Cross Roads of Confusion
“R-E-S-P-E-C-T find out what it means to me…..” Aretha Franklin
A word that has so much meaning, and yet people just don’t understand, so let’s define it shall we?
re·spect (r -sp kt )
1) To feel or show deferential regard for; esteem.
2) To avoid violation of or interference with: respect the speed limit.
3) To relate or refer to; concern.
Okay, so now it has been defined….Now if I sit here and evaluate many of the friendships and people in my life, do they respect me? Better yet, let us take this one step further and ask… Do I respect them?
I believe I do. I treat people in my life well, if I can help I do it willingly, if I can listen, I do, if I see that they are hurting, I try and help, and if I have found out I have offended, I do my best to reconcile…. So now what? Why am I up so dang late thinking about this word…..Perhaps because I have heard all my life, “To get respect, you must earn respect.” Well if that is true… then what the heck happened?!?
I have very wonderful friends that truly respect me, and my choices, and if I disagreed—well they would “respect” that, and we would still be friends. Then, there are others who are completely disrespectful, who have no regards for my feelings, or for me at all…. So what happened there? I still give them respect, and yet nothing, nada, kaput! I get stung every time, and yet I still return…because some part of me wants to believe that the goodness in “them” will eventually see the true hurt that is caused, and will be respectful in return.
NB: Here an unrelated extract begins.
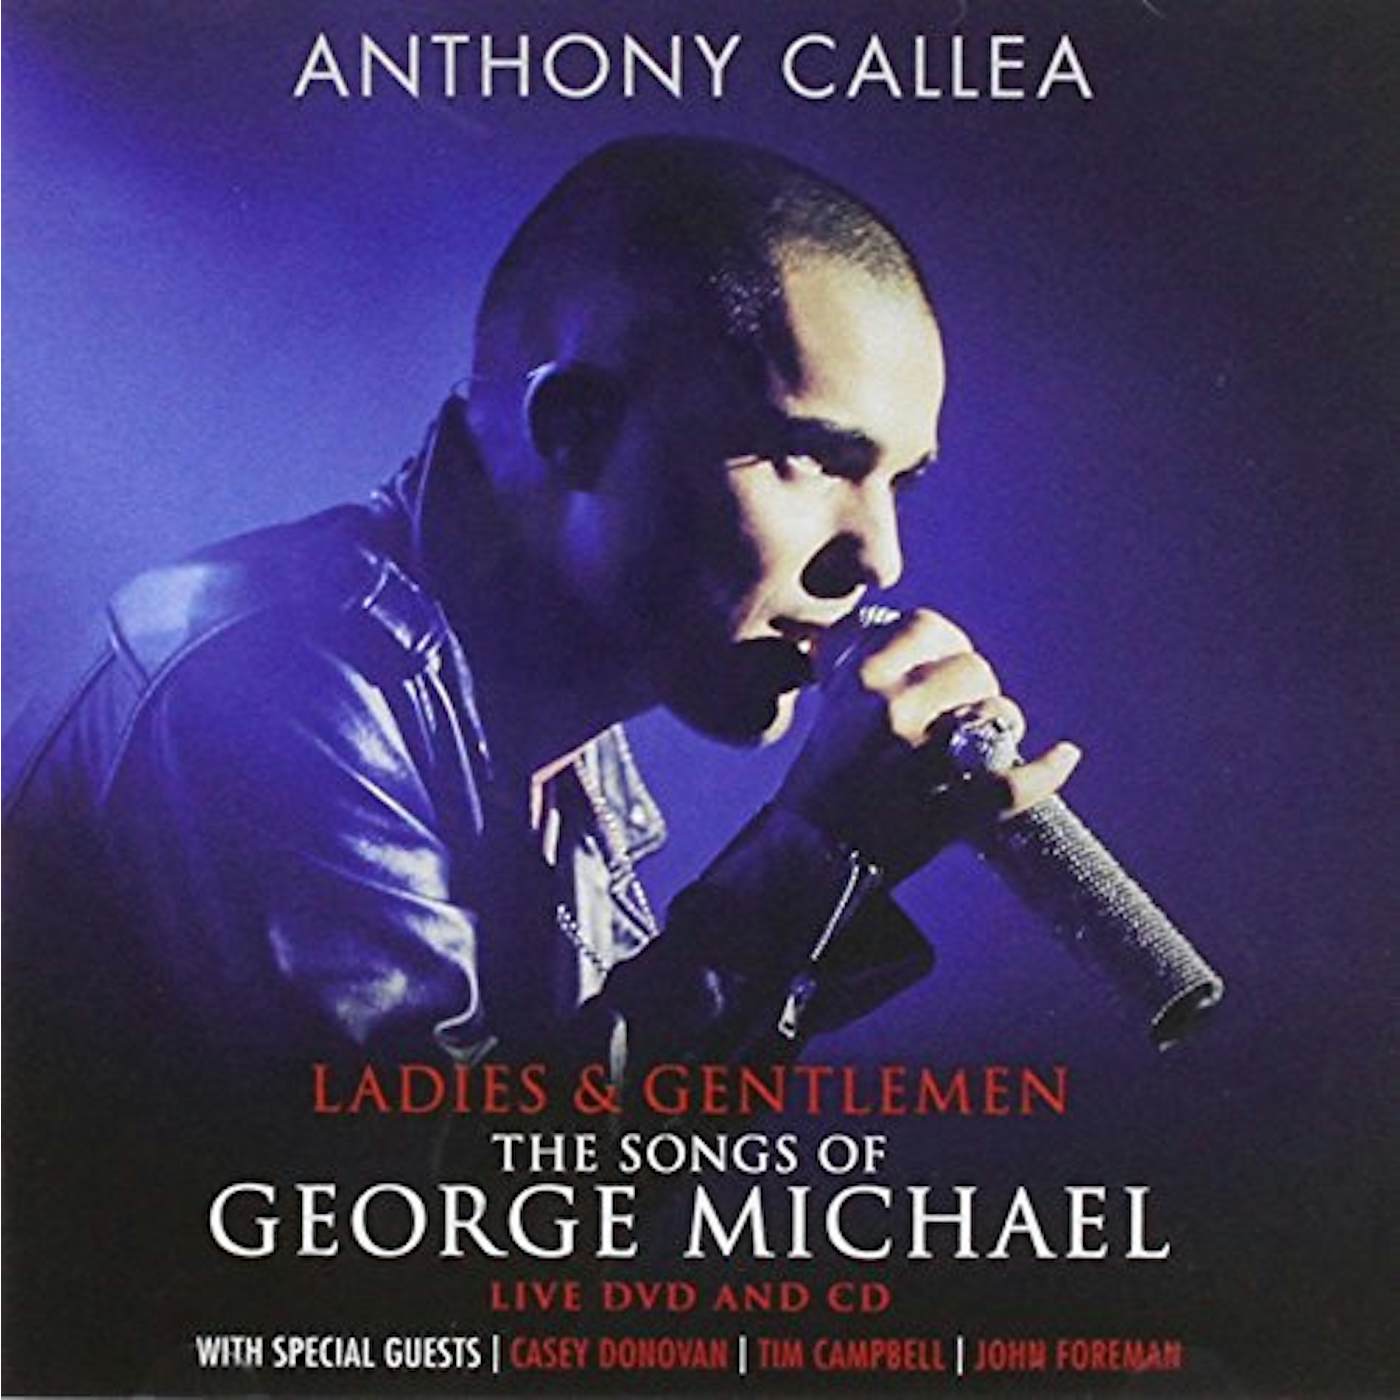 Anthony Callea LADIES & GENTLEMEN: SONGS OF GEORGE MICHAEL CD

It is so wrong of me to feel this way, to give means to give without ever expecting in return…. I have always believed that, so why in this do I feel so betrayed? What I would like, is to look them in the eye and scream “SCREW YOU!” I will never do that, because as quickly as that emotion comes, I feel conviction of my past disrespectful nature…..
Emotions come in to play in my life more than people think… and with this issue of respect… lah dee dah… here comes the tidal wave of “how do you feel about this?” Here is where things get screwy…. For nearly 5 years I put my emotions away, at the “appropriate time” and guess what? That “appropriate time” well that never really came… So, about 7 months ago I made a commitment to myself to try and feel the emotions I feel there… because that is apart of who I am, and what I want to be.
If I am upset, well dangit! I will be upset, and if I am hurt… I will feel that hurt! This has been a lot easier said than done, and there are times when I fight that old mentality of hiding everything away. There is a great line that I hear over and over in my head when people say I take things too personally… “Whah, what does that mean? If anything, things should begin by being personal…..” from a lady who has lost her passion, and is discovering it again, taking it personal is a choice that I have made. I want to know that if I am hurt by you, that I am confident enough in myself to experience that emotion-and be open enough to share it with you…. Knowing that you may not “respect” what I say in the end……
Emotions, respect, honesty, love, acceptance, honor, loyalty, and I could go on and on. These things go hand-in-hand.
So tell me, if you have been disrespected, do you ever ask yourself “Was I perhaps disrespectful first?” Then what happens….. and if you were respectful, and were disrespected….. what then? This is one of those times I wish I could just stick my hole in the ground dangit!